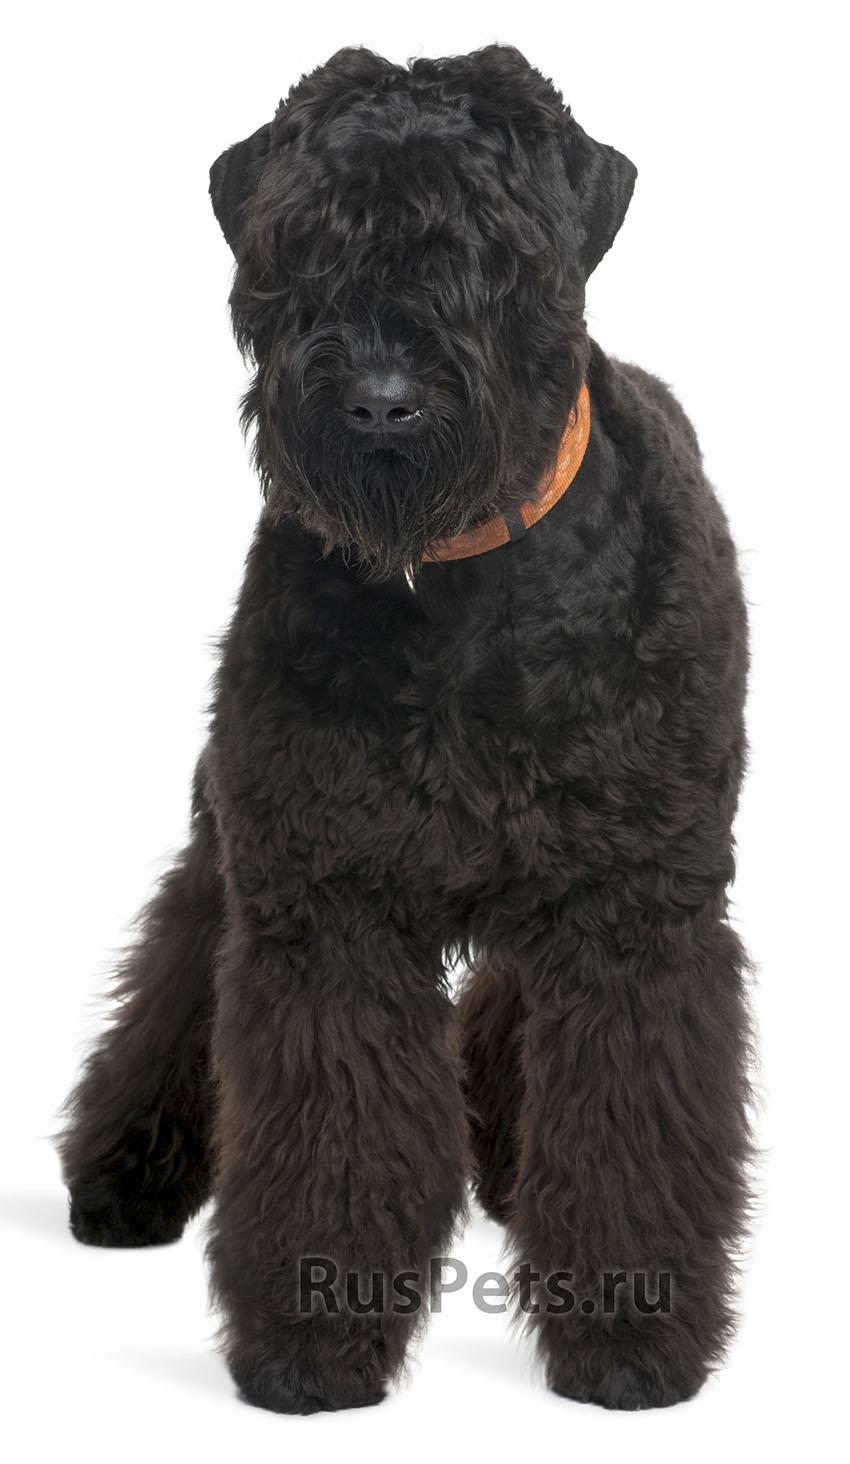 Всё о породе Русский черный терьер - фото собаки, описание породы Русский черный терьер, характер, содержание и уход
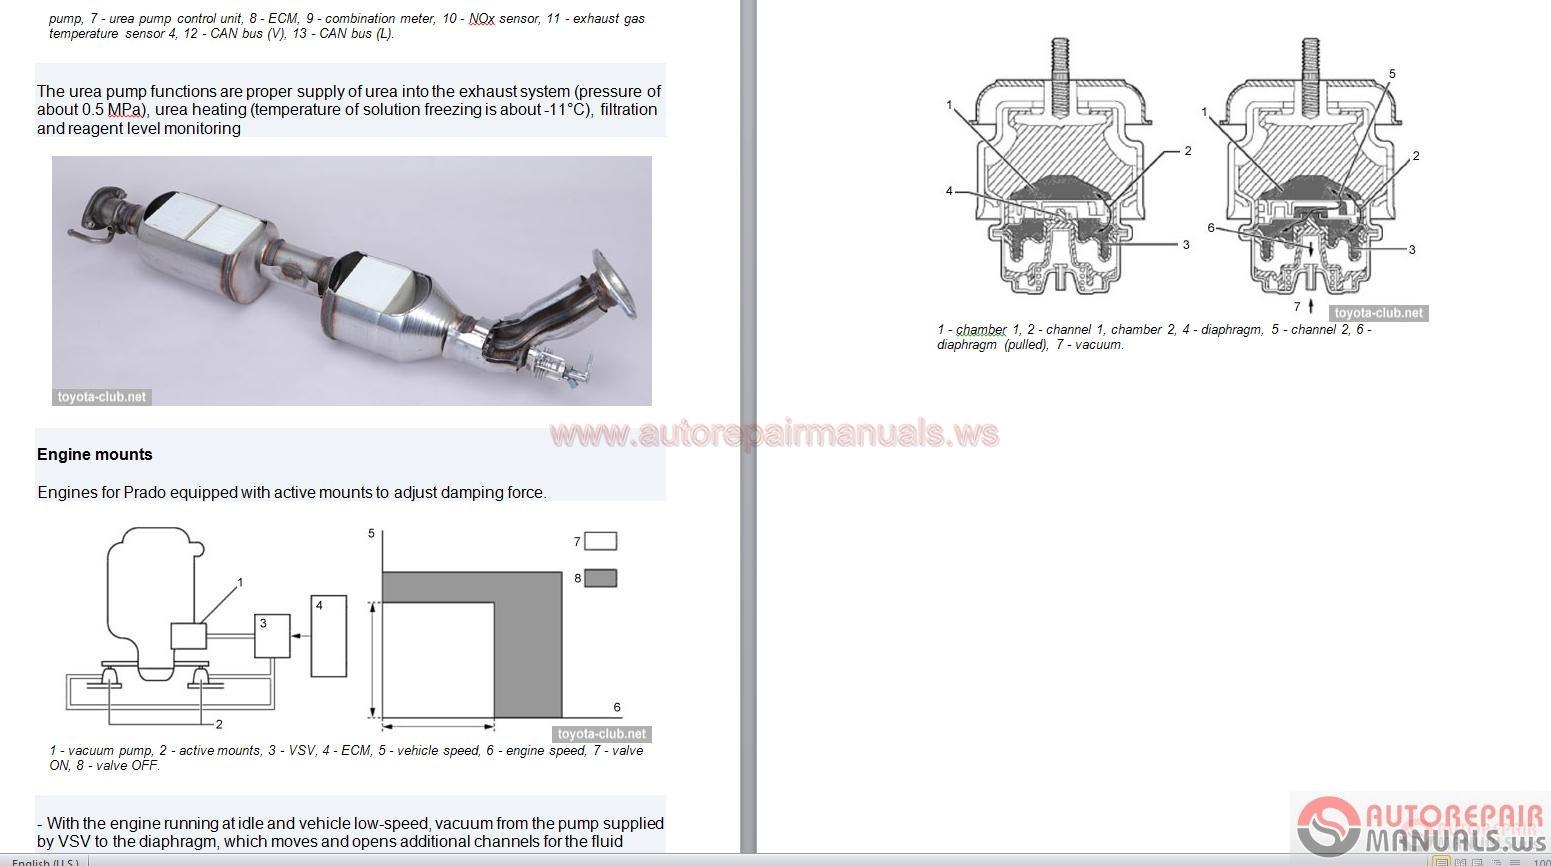 Toyota GD Series Diesel Engines Auto Repair Manual Forum
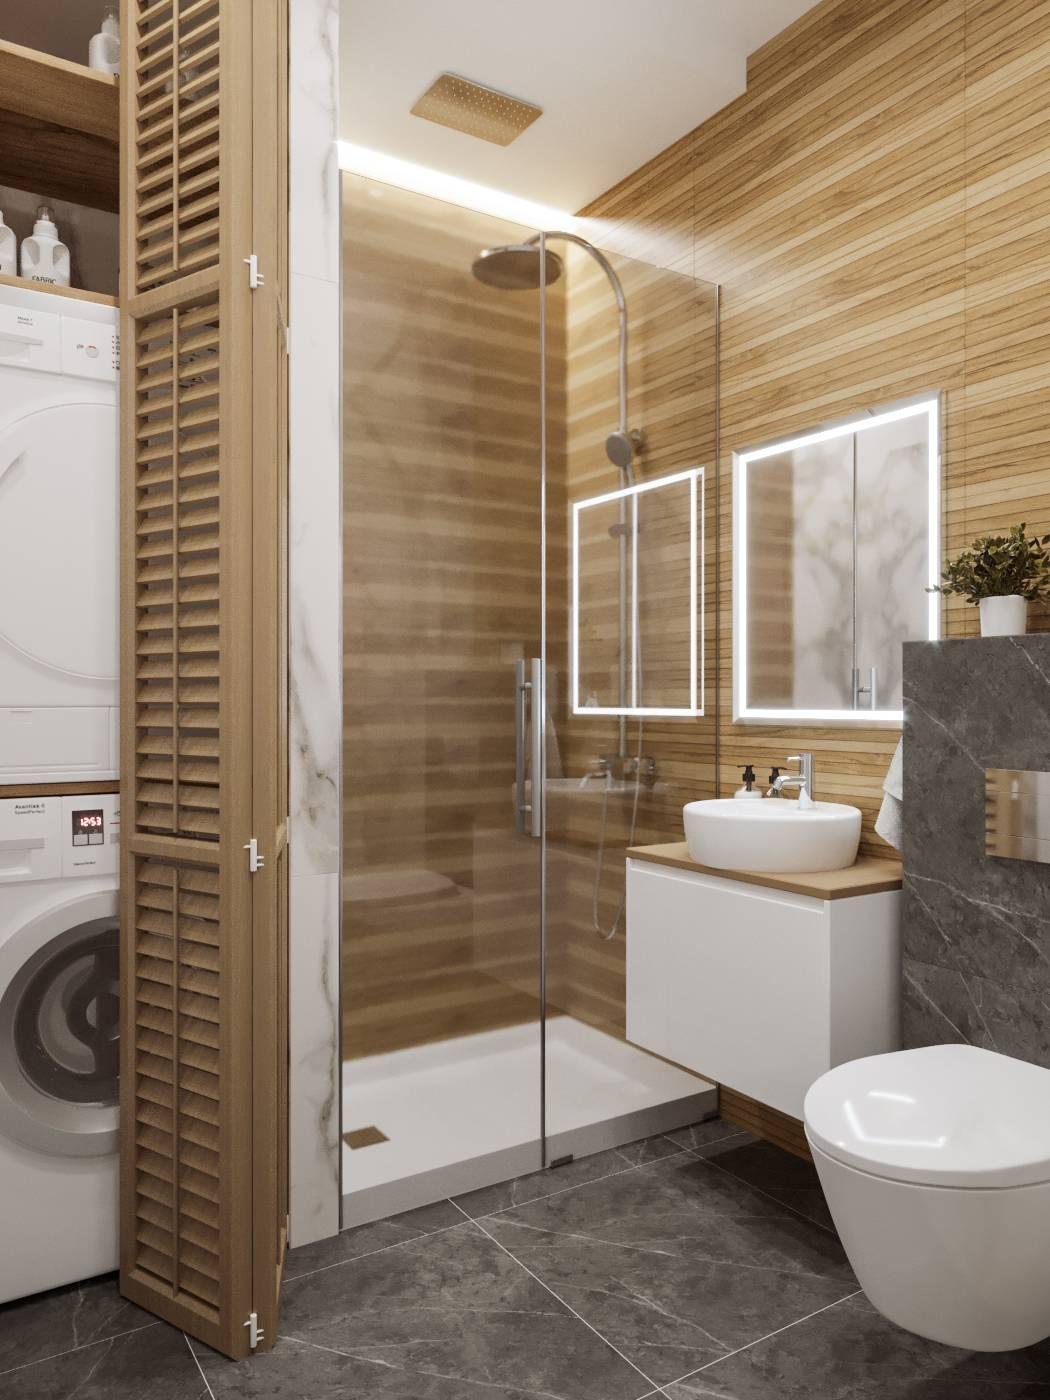 Разновидности и преимущества совмещенной ванны с душевой кабиной
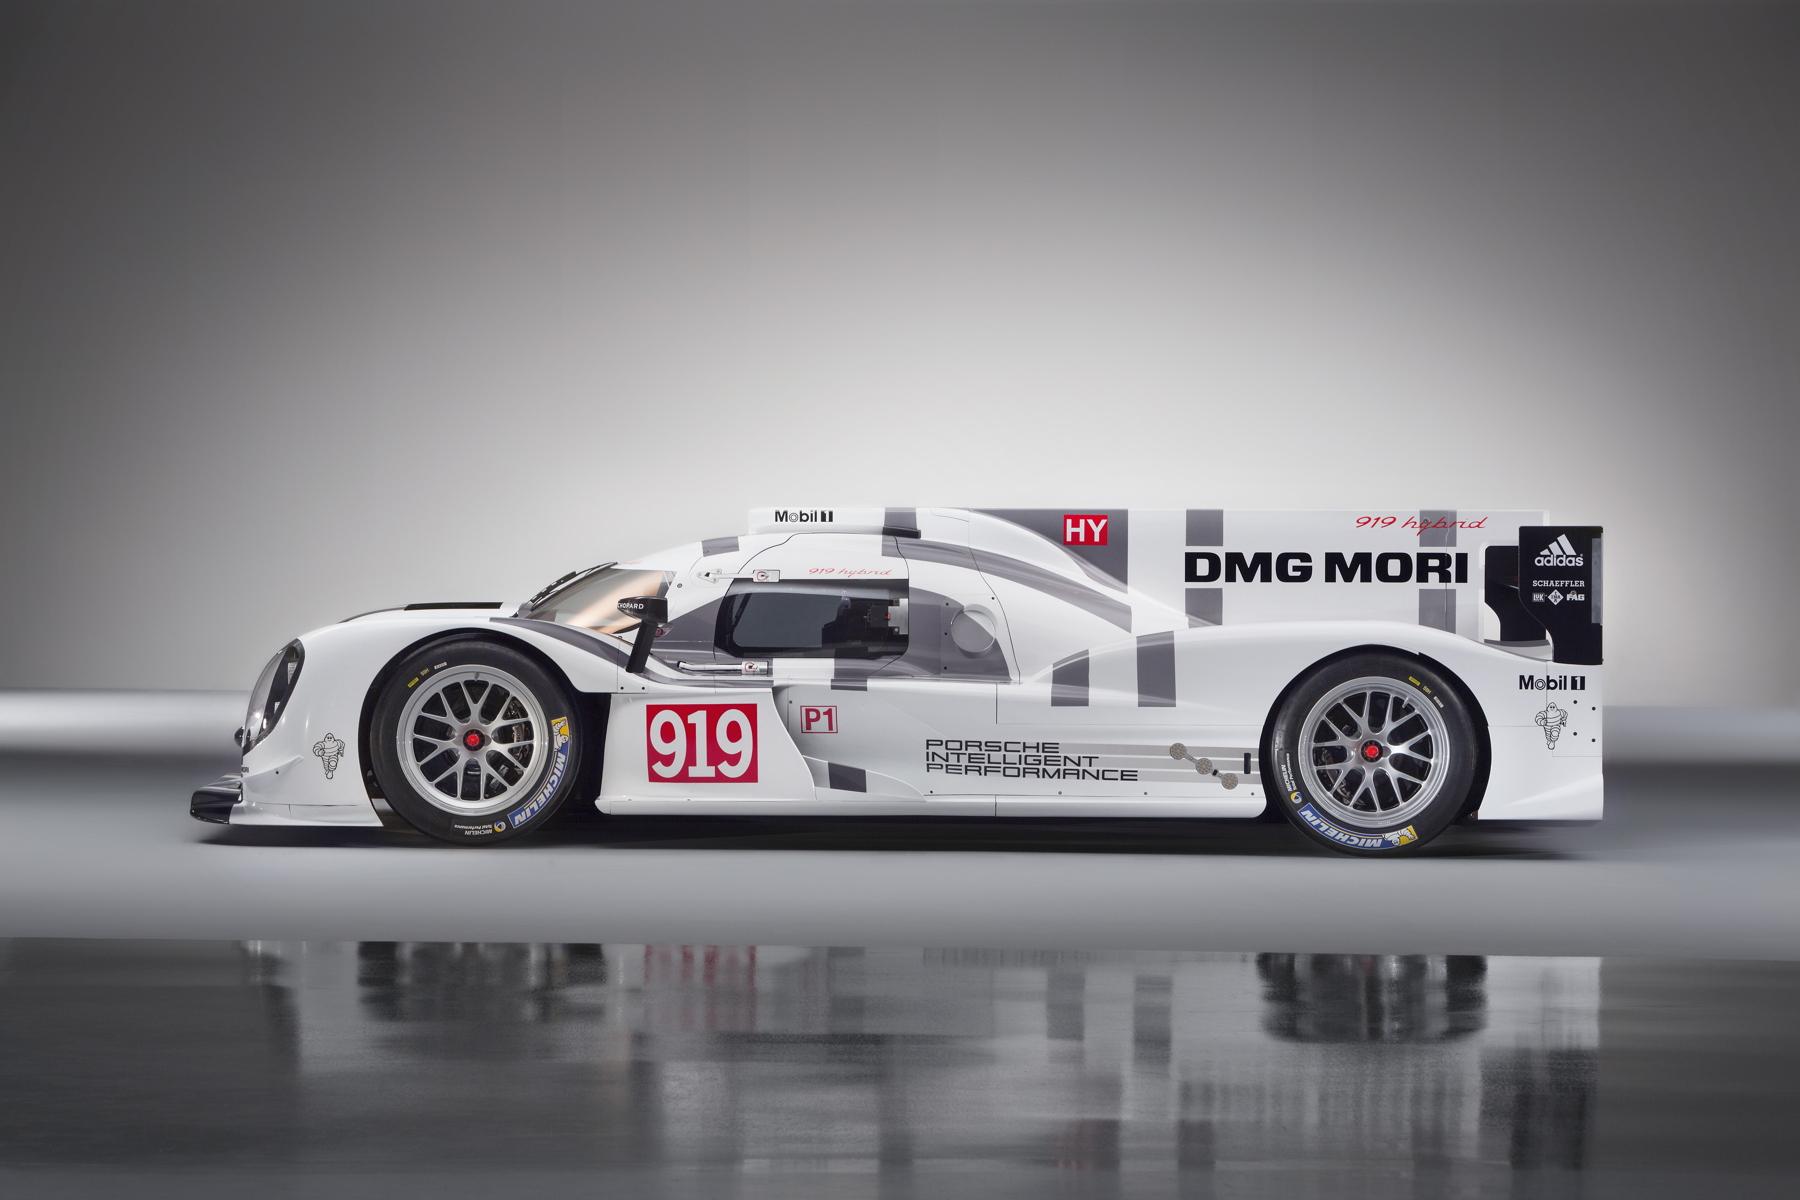 2014-Porsche-Motorsport-Porsche-919-Hybrid-Profile-Left

= = = =

The required output is the line containing "Toyota GD Series" plus every line after it to the end of the data, copied exactly and with no pictures.

 Toyota GD Series Diesel Engines Auto Repair Manual Forum
 Разновидности и преимущества совмещенной ванны с душевой кабиной
 2014-Porsche-Motorsport-Porsche-919-Hybrid-Profile-Left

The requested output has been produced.